To be fair, whether a irrelevant result is informative or not is highly contextual and not easy to determine sometimes. Similarly, serendipity in information seeking is partly emergent from the searcher’s context, preparedness, and interpretation, not simply as a system property.
Note that Undermind's framing — "cites the seminal works but judged off-topic" — is doing real work. The user can see why something is adjacent, not just that it is. A black-box adjacency feature would face the same trust problem as poor ranking, only worse, because users would not even see the messy mix. Legibility of the criterion is part of what makes intentional adjacency defensible.

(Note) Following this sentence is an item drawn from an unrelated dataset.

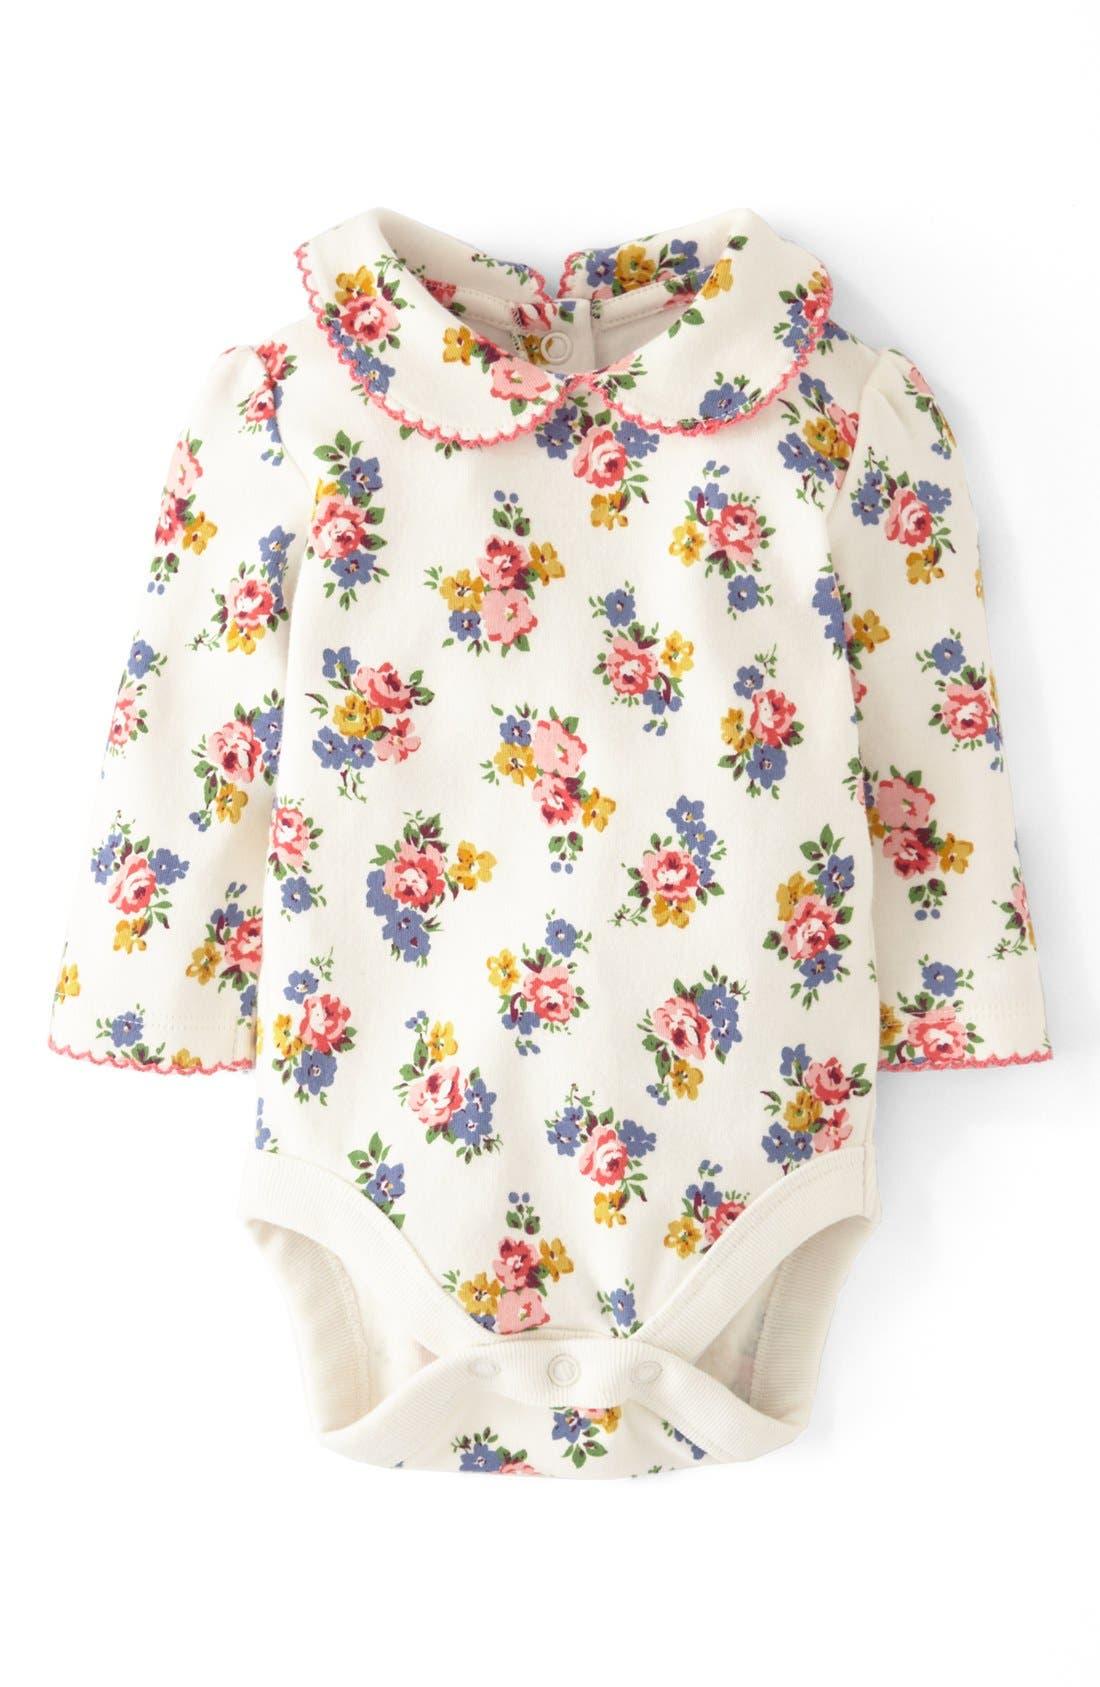 Alternate Image 1 Selected - Mini Boden 'Pretty Collar' Bodysuit (Baby Girls)

It is no surprise, I don’t agree with Emily M. Bender style beliefs that LLMs are “stochastic parrots” and hence can never be useful for anything much including search but 2020’s Situating Search is clearly correct that there are many information seeking needs and we need diversity in search tools beyond just conversational interfaces or even ranking lists.















What about the history of the Boolean search ? All those years of that method and now poof it’s more natural language. I supposed I’m curious who on the tool side is getting search right? The 20 years of Boolean and the tools we have had …did they kill serendipity? I do miss that way of finding information. Are any tools out there figuring this out yet?